Androhung von Gewalt
Wenn ein Mann kurz davor ist Gewalt auszuüben, helfen die Experten weiter. "Wir hören zu, wir fragen nach, wir reden, was der konkrete Mann zuhause in heiklen Situationen tun kann. Wir finden gemeinsam heraus, wann er wütend wird, wie er sich in einem Streit verhält und suchen dann nach seinem individuellen Weg, wie er ohne Gewalt oder Drohungen mit Partner*in oder Kindern leben kann.", so Hayden-Hohmann. "Wir arbeiten mit dem Mann in einem 'Anti-Gewalt-Programm' an ganz konkreten Schritten für seine Konflikte zuhause, an Alarmsignalen und Ausstiegs-Szenarien, dafür nehmen wir uns viel Zeit. Die Männern lernen, dass sie die Verantwortung für die Gewalt haben und sie die einzigen sind, die damit aufhören können. Und ein gewalttätiger Mann hört auf mit seiner Gewalt, wenn er anfängt, ehrlich zu sich zu sein, seine eigenen Grenzen zu bemerken und zu schützen, denn dann merkt er auch die Grenzen der anderen, mit denen er zusammenlebt, und er findet neue und gewaltfrie Möglichkeiten, zB seine Wünsche zu äußern und für sich einzutreten."
Erhöhte Nachfrage
Die angebotenen Gewalttrainings werden sehr gut angenommen. So erklärt er: "Es kommen mehr Männer, die konkret danach fragen: Wie kann ich Partner sein oder Vater sein und nicht mehr drohen oder schlagen? Und viele Männer bekommen ein Anti-Gewalt-Training als Auflage von Gericht, von der Führerscheinbehörde und kommen am Anfang nur, weil sie müssen, und sehen dann recht schnell, dass sie davon profitieren können. Das sind wir wieder bei der Nachfrage. Wir wollen hier auch die Partner ermutigen, dass sie von dem Mann, vor dem sie sich manchmal fürchten, verlangen, dass er zur Männerberatung geht. Warum verlangen wir es nicht von den Männern? Von denen verlangen wir es auch. Und wir sehen jeden Tag, dass viele Männer sich schwer tun, etwas für sich zu tun, aber oft gerne kommen und sich dazu 'überwinden', wenn ein Mensch, der dem Mann wichtig ist, ihn dazu auffordert. Und das ist der größte Schritt für viele: ich mache nicht allein weiter, ich gehe zur Beratung, ich rede mit anderen Menschen über meine Sorgen.

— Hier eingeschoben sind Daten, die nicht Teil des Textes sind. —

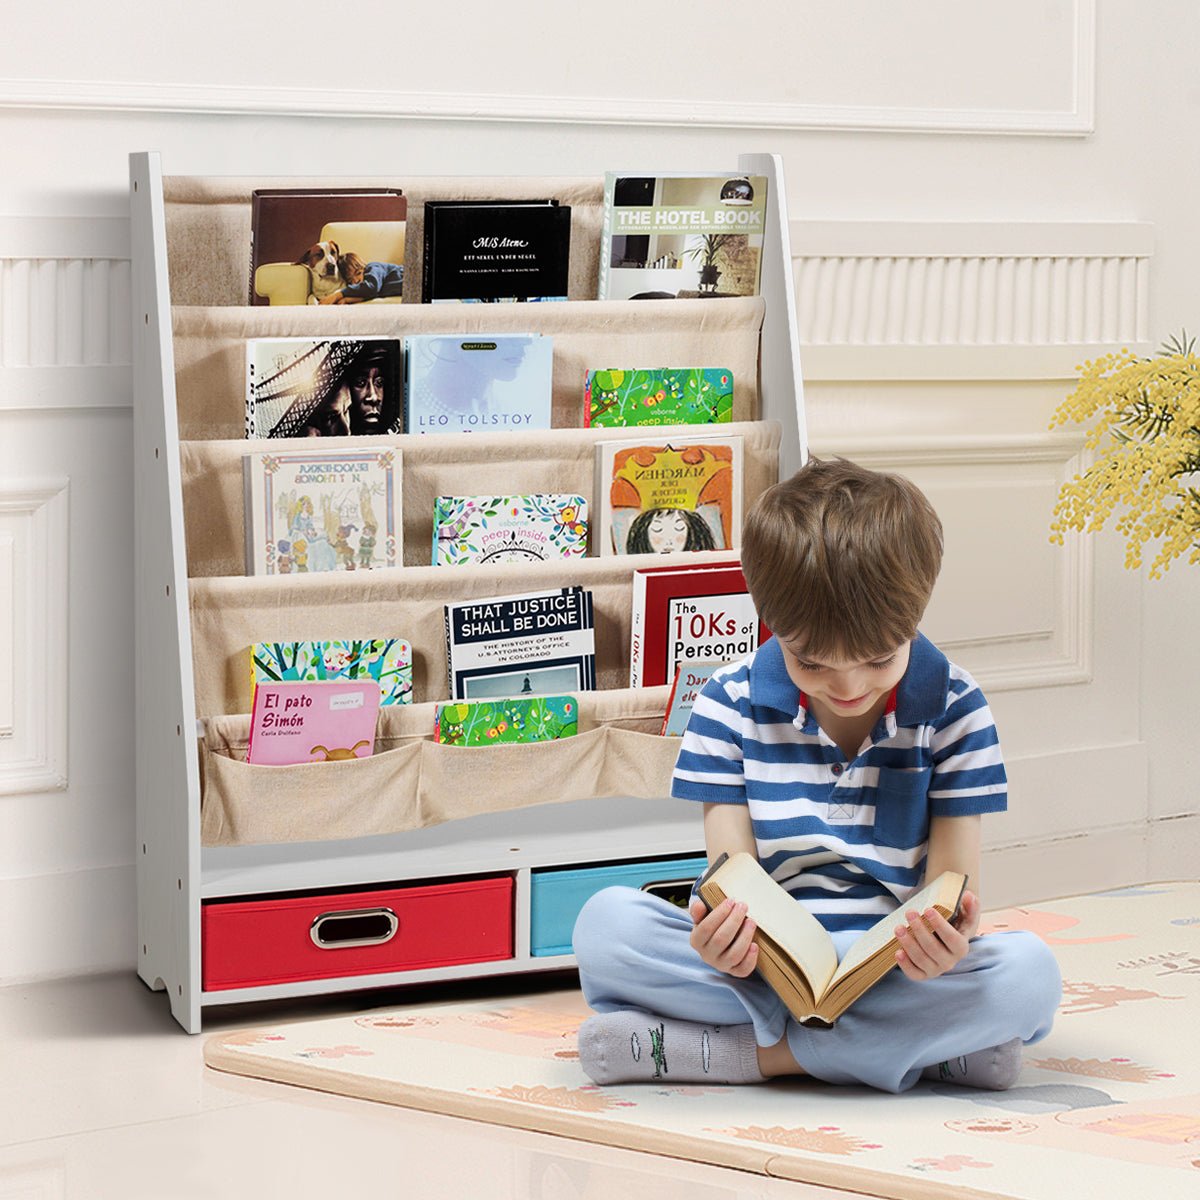 Wood Book Display with Storage - Beige, Keep Books in Order

Und dafür sind wir bei der Männerberatung da und hören zu und unterstützen."
Beratungsstellen
Caritas Männerberatung: 0676/83 844 7376 oder auf der Website der Caritas Männerberatung
Frauennotruf: 0800/222 555
NÖ Frauentelefon: 0800/800 810
Frauenhaus: 02742/466 514
Wegweisungen im Jahr 2021
Die Bezirksblätter fragten beim Bezirkspolizeikommando St. Pölten – Land nach, wie viele Betretungs- und Annäherungsverbote heuer und vergangenes Jahrausgesprochen worden sind. 2021 waren es im Vergleichszeitraum 01.01.2021 – 31.07.2021 gesamt 126. Im Vergleichszeitraum von 2020 waren es 100. Ingesamt gab es im Jahr 2020 160 Verbote. "Auf Grund der vorliegenden Zahlen kann im Vergleichszeitraum in den Jahren 2020/2021 von einem Anstieg gesprochen werden. Die Anzahl der Aussprüche fluktuieren jedoch monatlich weshalb von einer generell ansteigenden Trendlinie nicht gesprochen werden kann.", so Hauptmann Christian Schuller. Als Rat gibt der Hauptmann mit: "Wenn Personen Opfer von häuslicher Gewalt werden sollten die Gewalttaten nicht bagatellisiert werden sondern sofortige Hilfe von der Polizei oder sonstigen Opferschutzeinrichtungen in Anspruch genommen werden."